The difference between the profit which can be made by the use of capital, and the interest which will be paid for it, is rightly characterized as wages of superintendance. But to infer from this that it is regulated by entirely the same principles as other wages, would be to push the analogy too far. It is wages, but wages paid by a commission upon the capital employed. If the general rate of profit is 10 per cent, and the rate of interest 5 per cent, the wages of superintendance will be 5 per cent; and though one borrower employ a capital of 100,000l., another no more than 100l., the labour of both will be rewarded with the same per centage, though, in the one ease, this symbol will represent an income of 5l., in the other case, of 5000l. Yet it cannot be pretended that the labour of the two borrowers differs in this proportion. The rule, therefore, that equal quantities of labour of equal hardness and skill are equally remunerated, does not hold of this kind of labour. The wages of any other labour are here an inapplicable criterion.

The wages of superintendance are distinguished from ordinary wages by another peculiarity, that they are not paid in advance out of capital, like the wages of all other labourers, but merge in the profit, and are not realized until the production is completed. This takes them entirely out of the ordinary law of wages. The wages of labourers who are paid in advance, are regulated by the number of competitors compared with the amount of capital; the labourers can consume no more than what has been previously accumulated. But there is no such limit to the remuneration of a kind of labour which is not paid for out of wealth previously accumulated, but out of that produce which it is itself employed in calling into existence.

When these circumstances are duly weighed, it will be perceived, that although profit may be correctly analyzed into interest and wages of superintendance, we ought not to lay it down as the law of interest, that it is profits minus the wages of superintendance. Of the two expressions, it would be decidedly the more correct, that the wages of superintendance are regulated by the rate of interest, or are equal to profits minus interest.

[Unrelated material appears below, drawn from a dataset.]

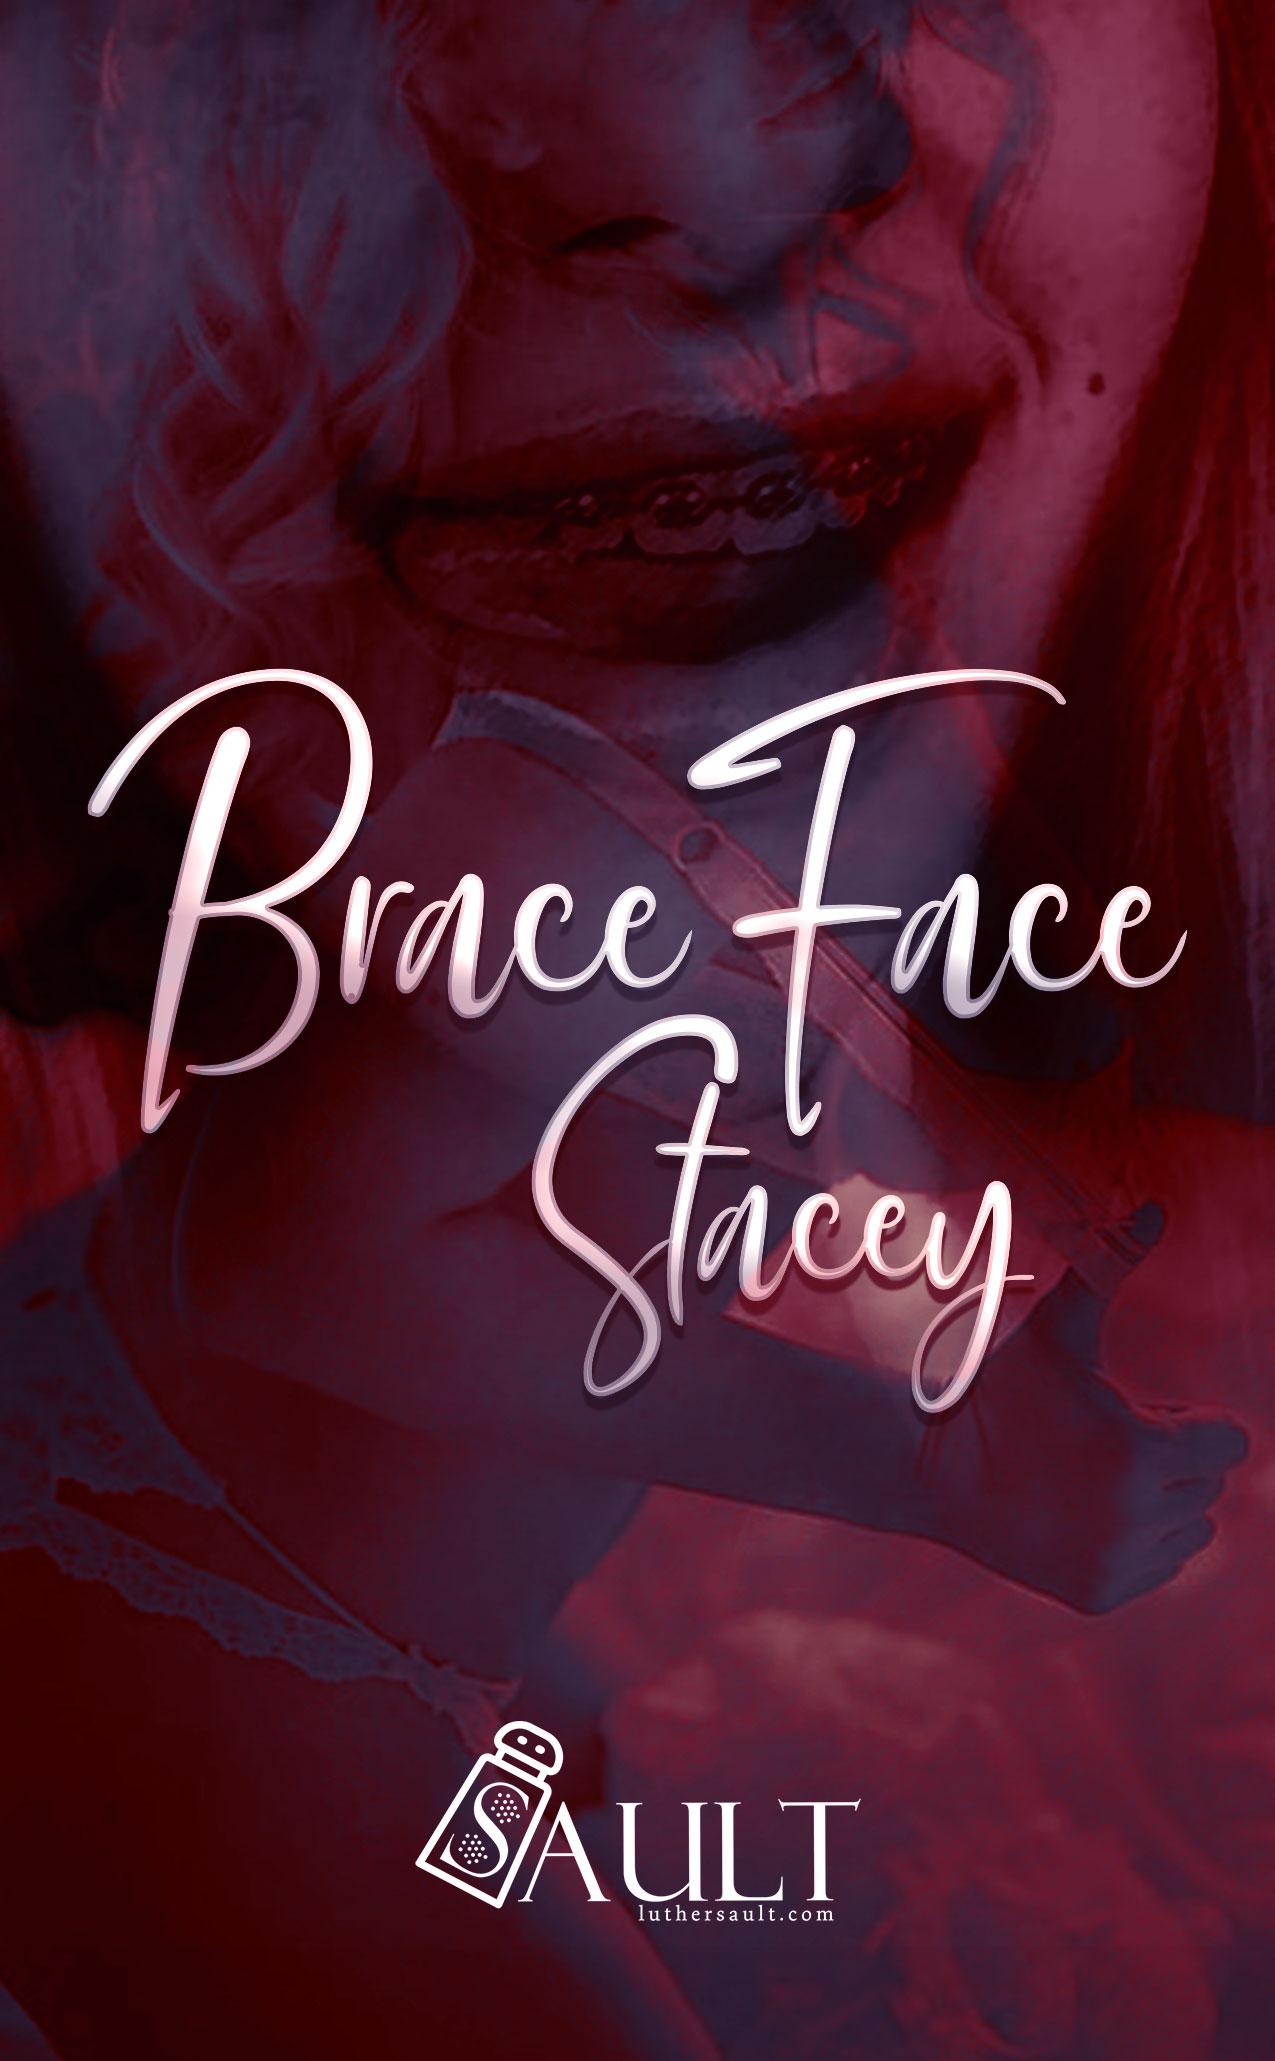 Braced Faced Stacy, Original Cover 2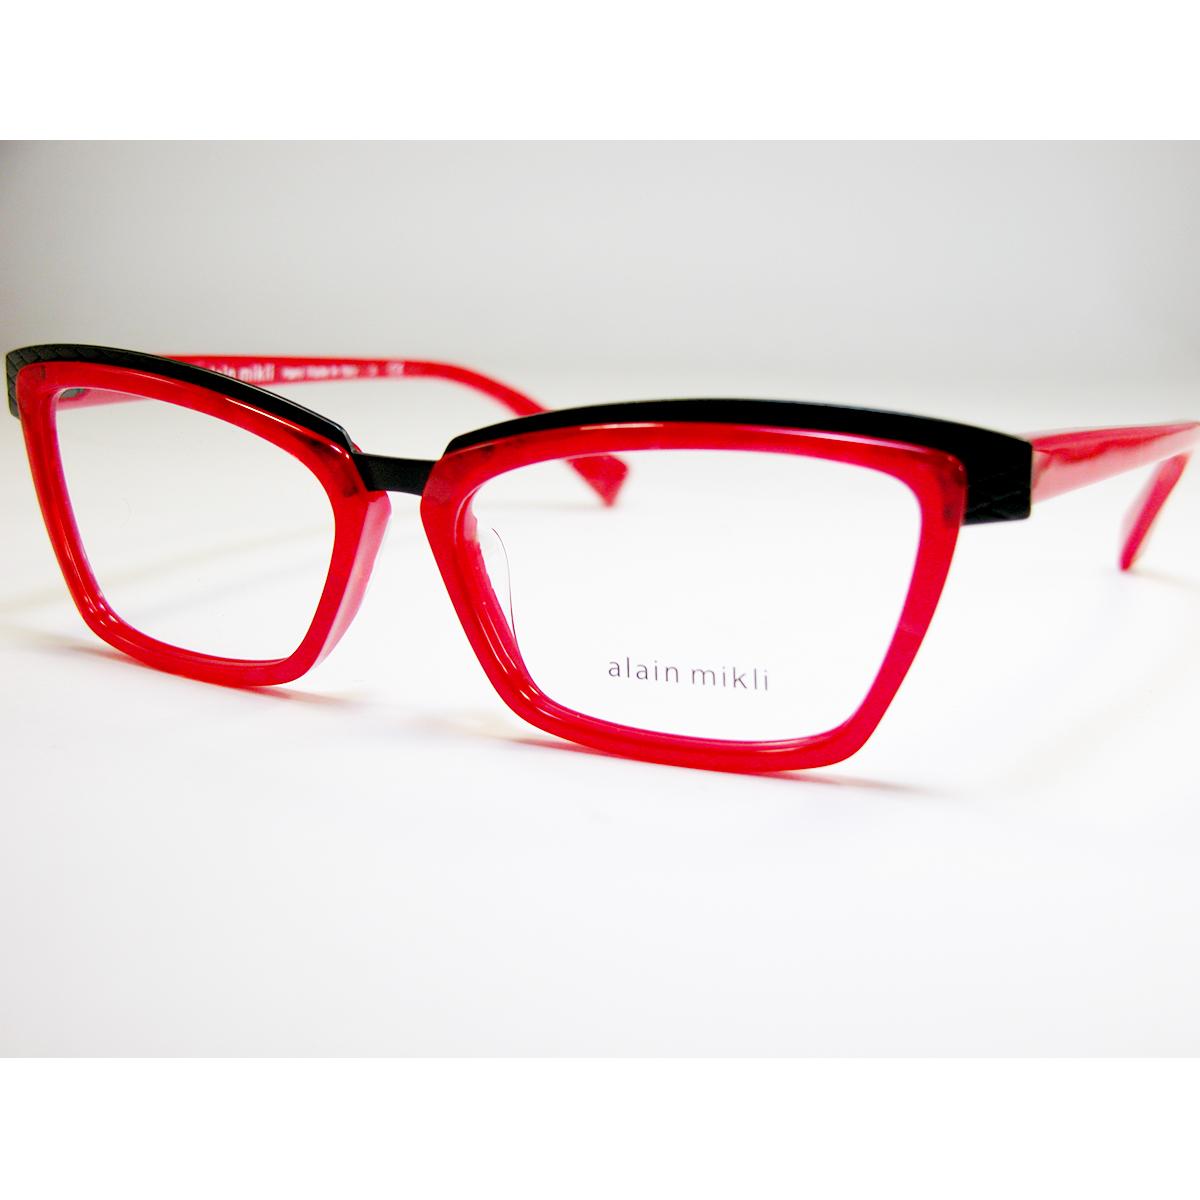 alain mikli アランミクリ メガネAO2015A カラー1055 メンズ メガネ サングラス 眼鏡【ありがとう】【店頭受取対応商品】

In strict, propriety, neither expression would be allowable. Interest, and the wages of superintendance, can scarcely be said to depend upon one another. They are to one another in the same relation as wages and profits are. They are like two buckets in a well: when one rises, the other descends, but neither of the two motions is the cause of the other; both are simultaneous effects of the same cause, the turning of the windlass.

There are among the capitalists of every country a considerable number who are habitually, and almost necessarily, lenders; to whom scarcely any difference between what they could receive for their money and what could be made by it, would be an equivalent for incurring the risk and labour of carrying on business. In this predicament is the property of widows and orphans; of many public bodies; of charitable institutions; most property which is vested in trustees; and the property of a great number of persons unused to business, and who have a distaste for it, or whose other occupations prevent their engaging in it. How large a proportion of the property lent to the nation comes under this description, has been pointed out in Mr. Tooke's Considerations on the State of the Currency.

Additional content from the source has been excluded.